FACTORING AND SECURITY AGREEMENT

FACTORING AND SECURITY AGREEMENT (this “Agreement”), dated as of August , 11 2006, by and between Progressive Concepts, Inc., a Texas Corporation, as Seller and Subservicer, and THERMO CREDIT, LLC, a Colorado limited liability company, as Purchaser and Master Servicer.

WITNESSETH:

WHEREAS, the Seller desires to factor certain of its telecommunication receivables and the Purchaser is in the business of factoring certain telecommunication receivables from time to time;

WHEREAS, the Purchaser may, but shall not be required to act in the capacity of Master Servicer to perform certain servicing, administrative and collection functions in respect of the receivables purchased by the Purchaser under this Agreement (the “Purchased Receivables”);

WHEREAS, the Purchaser and the Master Servicer desire that the Subservicer be appointed to perform certain servicing, administrative and collection functions in respect of the Purchased Receivables; and

WHEREAS, the Seller has been requested, and is willing, to act as the Subservicer.

NOW, THEREFORE, the parties agree as follows:

ARTICLE I - DEFINITIONS

Section 1.1 Certain Defined Terms . Capitalized terms used in this Agreement have the respective meanings set forth on Exhibit A , or as elsewhere provided in this Agreement. In the event of a conflict, the meaning given in Exhibit A shall prevail.

Section 1.2 Other Terms . All accounting terms not specifically defined in this Agreement shall be construed in accordance with generally accepted accounting principles. All terms used in Article 9 of the UCC, and not specifically defined in this Agreement, are used in this Agreement as defined in such Article 9.

ARTICLE II - PURCHASE AND SALE; ESTABLISHMENT OF ACCOUNTS

Section 2.1 Offer to Sell . Seller shall offer to sell, transfer, assign and set over to Purchaser those Eligible Receivables set forth on a list of such Eligible Receivables which such list shall be delivered by the Seller to the Purchaser no later than three (3) Business Days prior to each Purchase Date.
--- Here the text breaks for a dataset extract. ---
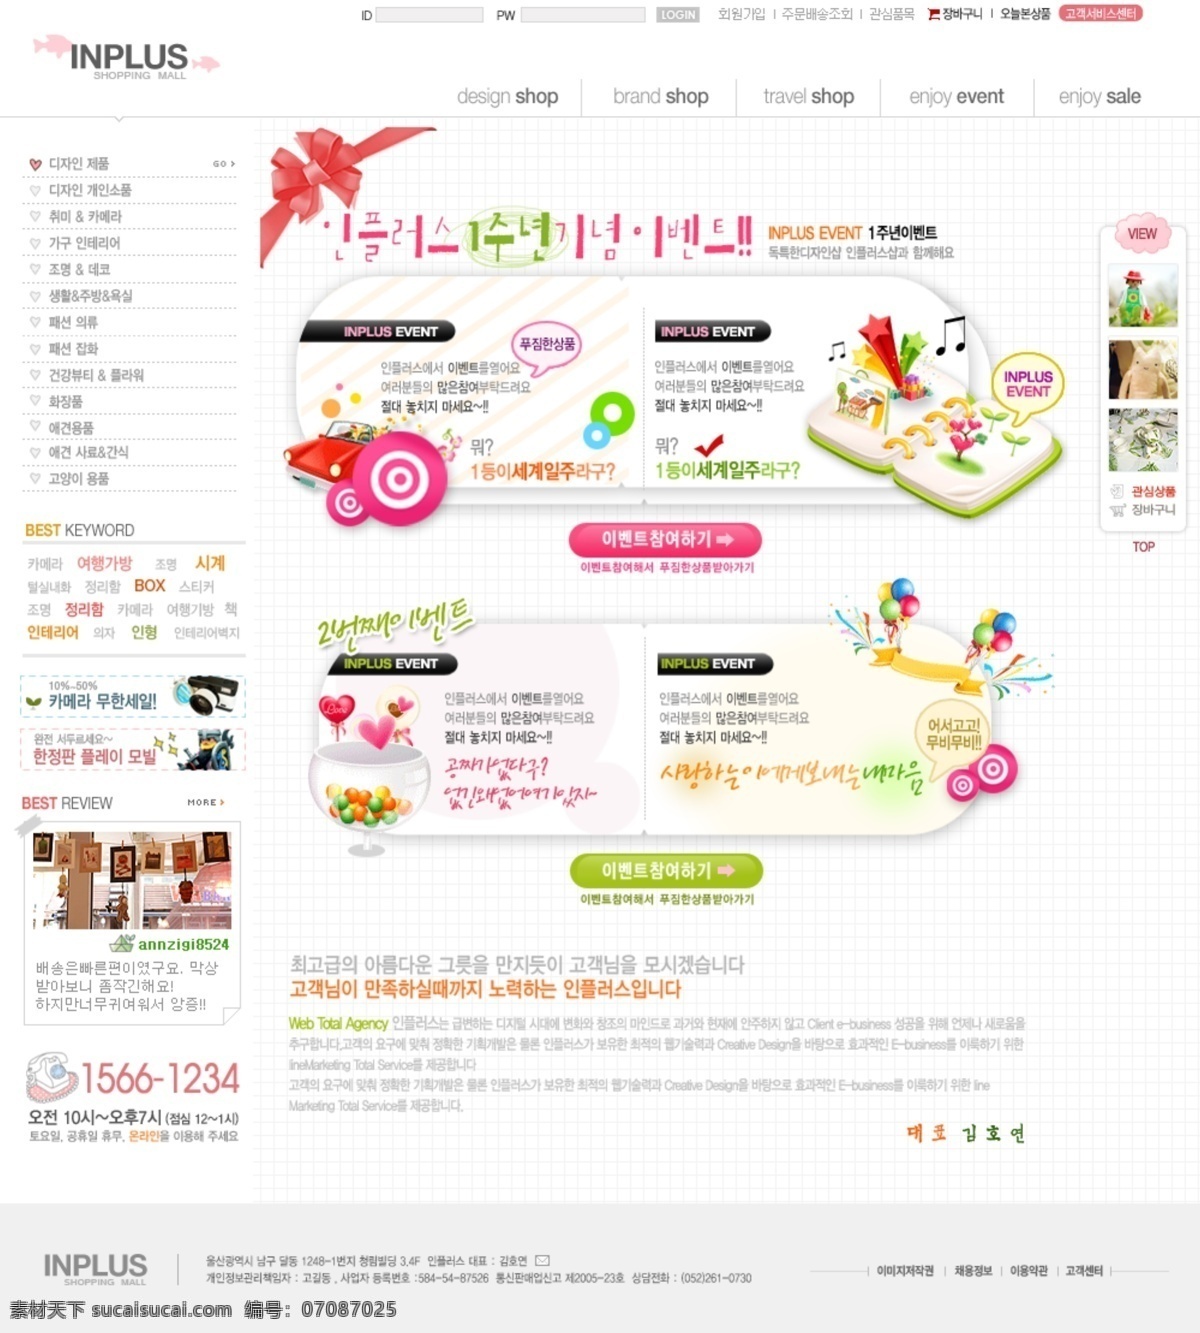 网页 模版 韩国模板 韩国网页模版 卡通网页设计 网页模板 网页模版 网页设计 源文件 漂亮 网页素材

Section 2.2 Purchase of Receivables . Upon receipt of the list of Eligible Receivables pursuant to Section 2.1, the Master Servicer, in good faith and at its own discretion will confirm

 


which of the Eligible Receivables offered by Seller that the Purchaser will Purchase. The Purchase of such Receivables shall occur upon payment of the Advance Amount. Upon Purchase of the Receivables, Seller shall be deemed to have sold, transferred, assigned, set over and conveyed to Purchaser, without recourse except as expressly provided herein, all of Seller’s right, title and interest in and to the Purchased Receivables. The Seller shall not take any action inconsistent with such ownership and shall not claim any ownership in any Purchased Receivable. The Seller shall indicate in its Records that ownership interest in any Purchased Receivable is held by the Purchaser. In addition, the Seller shall respond to any inquiries with respect to ownership of a Purchased Receivable by stating that it is no longer the owner of such Purchased Receivable and that ownership of such Purchased Receivable is held by the Purchaser. Documents relating to the Purchased Receivables shall be held in trust by the Seller and the Subservicer, for the benefit of the Purchaser as the owner of the Purchased Receivables, and possession of any Required Information relating to the Purchased Receivables so retained is for the sole purpose of facilitating the servicing of the Purchased Receivables and carrying out the terms of this Agreement. Such retention and possession is at the will of the Purchaser and in a custodial capacity for the benefit of the Purchaser only.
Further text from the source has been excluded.